War im Sommer auch mehrmals draußen, meistens mit der Einigkeit und konnte immer 4 -9 Dorsche fangen, obwohl in den Tagen nicht viel luief, hatte also echt Glück, aber da war auch immer einer dabei, der meist über 10 Dorsche hatte und meinte immer noch, wie schlecht das sei. Denke es kommt auch viel auf Technik und Gefühl an (natürlich auch nicht immer), und dann ist eigentlich immer der ein oder andere Dorsch drin.


----------



## Maddin21 (22. Februar 2007)

*AW: Massive Unterschiede der Fänge, Kutter/Kleinboot?*

@Joschitier:
Glückwunsch zu dem prächtigen Dorsch


----------



## AndreL (23. Februar 2007)

*AW: Massive Unterschiede der Fänge, Kutter/Kleinboot?*

Also ehrlich gesagt kann ich das nicht ganz nachvollziehen. Sicher wird jemand der das Pilken gut beherrscht immer mehr fangen als jemand der nicht so richtig einen Plan hat. Das merke ich immer wenn jemand mal mit mir mitkommt der nicht oder nur selten gepilkt hat, normalerweise fange ich nahezu das doppelte wie die meisten meiner unerfahrenen Begleiter. 
Das ist aber garnicht der Punkt den ich meine. Diese Tatsache spielt keine Rolle in Bezug darauf ob du nun mit einem Kutter fährst oder mit einem Kleinboot, das ist in beiden Fällen gleich.
Es klingt eher so als wenn die Kutter wirklich absichtlich Gebiete mit wenig Fisch anfahren nur um den einen oder anderen LAICHDORSCH zu erlegen#d  und dafür habe ich nahezu kein Verständniss. Es gab Jahre da fuhren die Kutterkapitäne die selben Gewässerabschnitte an wie wir und haben auch genauso gut gefangen. Aber offenbar ist es tatsächlich so das die Angler lieber einen Laichdorsch fangen als 10 "normale" und ich bin mir sicher, das ich mindestens genausoviel Filet aus meinen Tagesfängen bekommen habe als jemand auf dem Kutter der 2 10kg Fische gefangen hat. Aus Norwegen hätte ich zumindest am Dienstag nicht ausreisen dürfen ohne kräftig zu zahlen.

P.S.
Meinermeinung nach ist es im Winter deutlich einfacher einen Dorsch zu pilken als in den anderen Monaten, er muß nur da sein!


----------



## Gelöschtes Mitglied 11191 (23. Februar 2007)

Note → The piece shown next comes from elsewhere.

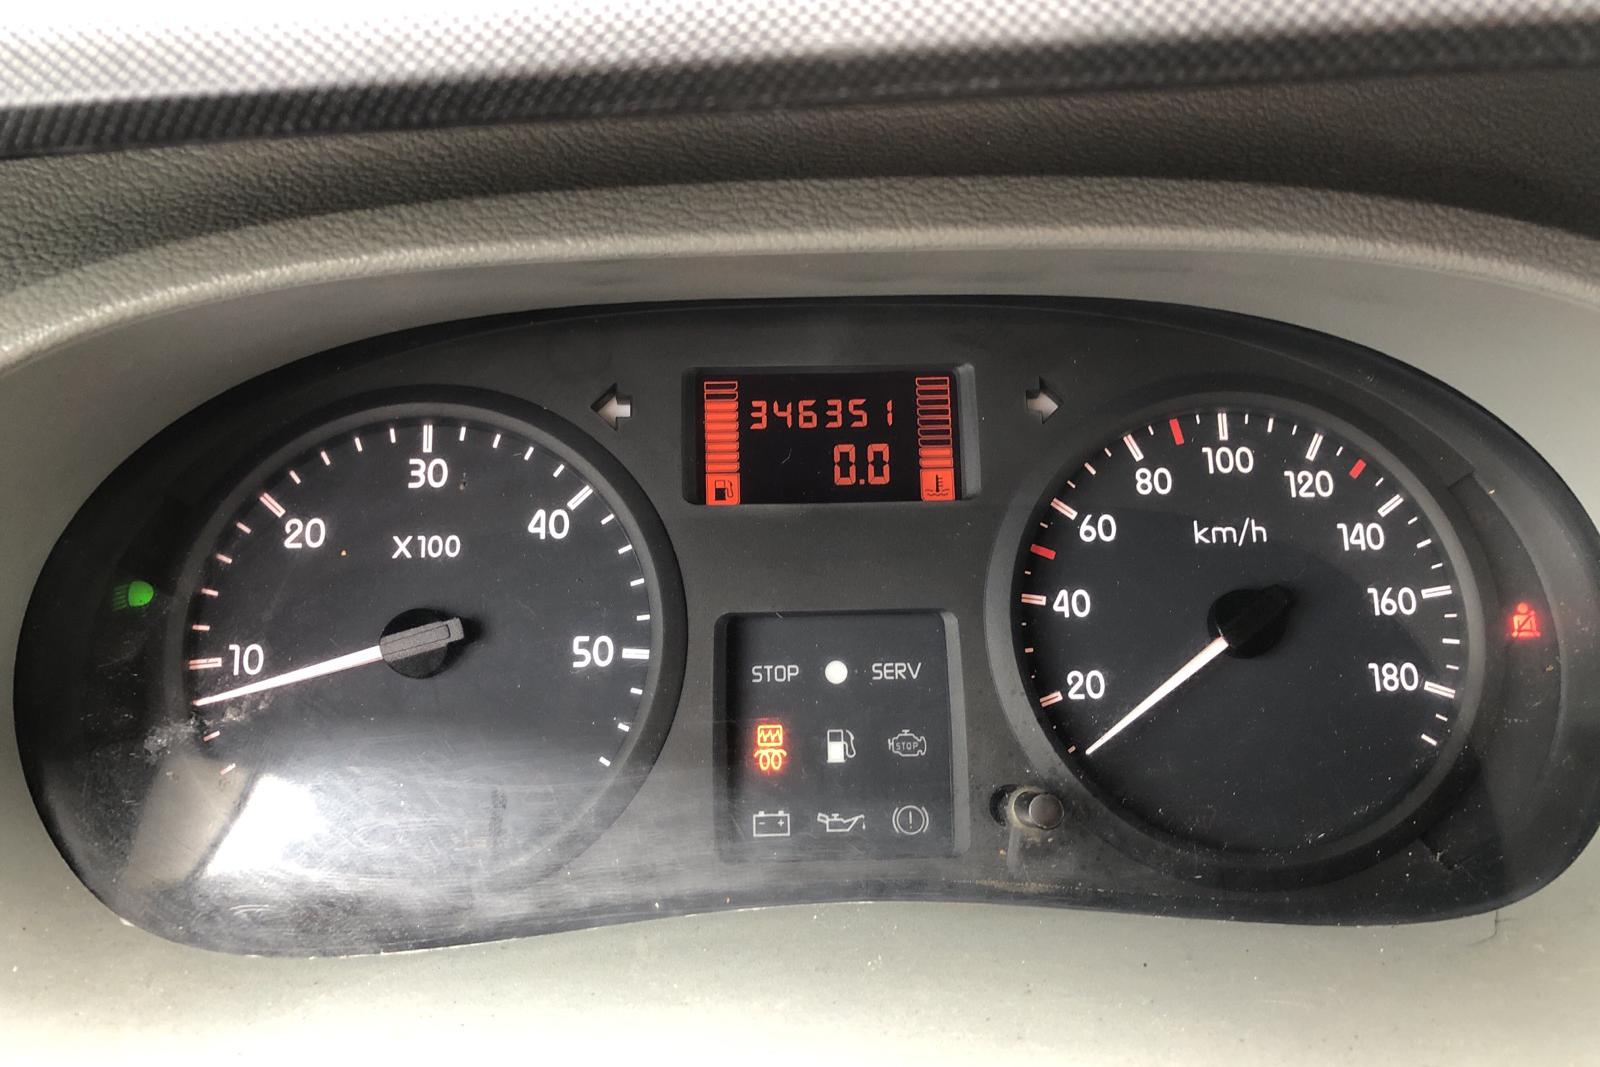 Renault Master 2.5 dCi Häst (115hk) - 346 350 km - Manual - Light Grey - 2003

*AW: Massive Unterschiede der Fänge, Kutter/Kleinboot?*

zum 1.den kutter kapitänen ist es egal ob du was fängst.zum kleinboot ,du bist flexiebler und kannst reagieren weil du willst fische fangen.in LL gibt es ein kapitän der angelt selber mit wenn der kein fisch fängt wird sofort der platz gewechselt,oder er hat seine dorsche dann ist auch fisch da den mußt du nur fangen.mfg.ps siehe meine berichte


----------



## Dakota (23. Februar 2007)

*AW: Massive Unterschiede der Fänge, Kutter/Kleinboot?*

*Dem Kutterkapitän ist es egal ob Du was fängst?* Na klar, die wollen ja auch nicht, das zahlende Gäste wiederkommen!!
Wer braucht schon Geld zum leben??
Bevor man solche Sätze ins Board schreibt, sollte man doch vorher das Hirn einschalten!!


----------



## Gelöschtes Mitglied 11191 (23. Februar 2007)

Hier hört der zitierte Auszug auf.